── Data shown ──

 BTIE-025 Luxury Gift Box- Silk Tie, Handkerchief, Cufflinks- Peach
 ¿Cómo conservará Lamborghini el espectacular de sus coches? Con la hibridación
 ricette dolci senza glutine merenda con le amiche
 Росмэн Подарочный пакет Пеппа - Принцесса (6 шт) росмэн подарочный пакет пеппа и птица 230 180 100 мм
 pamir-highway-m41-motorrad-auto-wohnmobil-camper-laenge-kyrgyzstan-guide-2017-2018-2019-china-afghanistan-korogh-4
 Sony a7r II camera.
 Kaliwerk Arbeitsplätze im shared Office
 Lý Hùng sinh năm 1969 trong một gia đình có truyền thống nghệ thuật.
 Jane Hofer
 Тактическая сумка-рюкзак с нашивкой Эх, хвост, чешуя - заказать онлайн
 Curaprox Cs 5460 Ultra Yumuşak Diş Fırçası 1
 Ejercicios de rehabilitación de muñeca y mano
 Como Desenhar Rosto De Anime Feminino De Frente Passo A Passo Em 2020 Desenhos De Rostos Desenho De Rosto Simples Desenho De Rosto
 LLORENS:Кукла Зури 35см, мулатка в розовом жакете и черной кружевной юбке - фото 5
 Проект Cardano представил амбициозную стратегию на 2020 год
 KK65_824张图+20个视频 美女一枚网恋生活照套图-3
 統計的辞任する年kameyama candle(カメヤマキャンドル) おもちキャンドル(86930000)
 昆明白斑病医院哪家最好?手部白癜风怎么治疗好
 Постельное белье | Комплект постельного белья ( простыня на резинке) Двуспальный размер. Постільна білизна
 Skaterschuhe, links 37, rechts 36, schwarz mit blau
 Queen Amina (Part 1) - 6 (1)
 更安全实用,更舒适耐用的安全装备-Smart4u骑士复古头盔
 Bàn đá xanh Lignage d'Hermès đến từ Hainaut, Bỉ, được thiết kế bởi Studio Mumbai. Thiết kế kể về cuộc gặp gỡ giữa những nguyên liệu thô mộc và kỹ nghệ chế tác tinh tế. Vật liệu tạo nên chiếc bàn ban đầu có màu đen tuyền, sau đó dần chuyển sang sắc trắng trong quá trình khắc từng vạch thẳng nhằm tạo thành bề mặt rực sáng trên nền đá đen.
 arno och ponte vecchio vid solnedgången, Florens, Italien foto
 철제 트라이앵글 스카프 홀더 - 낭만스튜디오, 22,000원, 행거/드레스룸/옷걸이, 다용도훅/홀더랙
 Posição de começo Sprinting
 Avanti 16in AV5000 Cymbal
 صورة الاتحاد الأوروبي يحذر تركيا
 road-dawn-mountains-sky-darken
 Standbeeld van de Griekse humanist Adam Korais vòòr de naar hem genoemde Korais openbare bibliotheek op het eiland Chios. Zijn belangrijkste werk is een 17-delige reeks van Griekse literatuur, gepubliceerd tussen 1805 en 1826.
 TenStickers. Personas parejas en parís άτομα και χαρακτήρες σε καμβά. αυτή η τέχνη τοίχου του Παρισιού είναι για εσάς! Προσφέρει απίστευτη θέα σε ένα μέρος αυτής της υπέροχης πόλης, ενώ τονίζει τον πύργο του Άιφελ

───

■ Directions:
Search the entries above for the word "nghệ", and copy every line where it occurs.

■ Expected output:
 Lý Hùng sinh năm 1969 trong một gia đình có truyền thống nghệ thuật.
 Bàn đá xanh Lignage d'Hermès đến từ Hainaut, Bỉ, được thiết kế bởi Studio Mumbai. Thiết kế kể về cuộc gặp gỡ giữa những nguyên liệu thô mộc và kỹ nghệ chế tác tinh tế. Vật liệu tạo nên chiếc bàn ban đầu có màu đen tuyền, sau đó dần chuyển sang sắc trắng trong quá trình khắc từng vạch thẳng nhằm tạo thành bề mặt rực sáng trên nền đá đen.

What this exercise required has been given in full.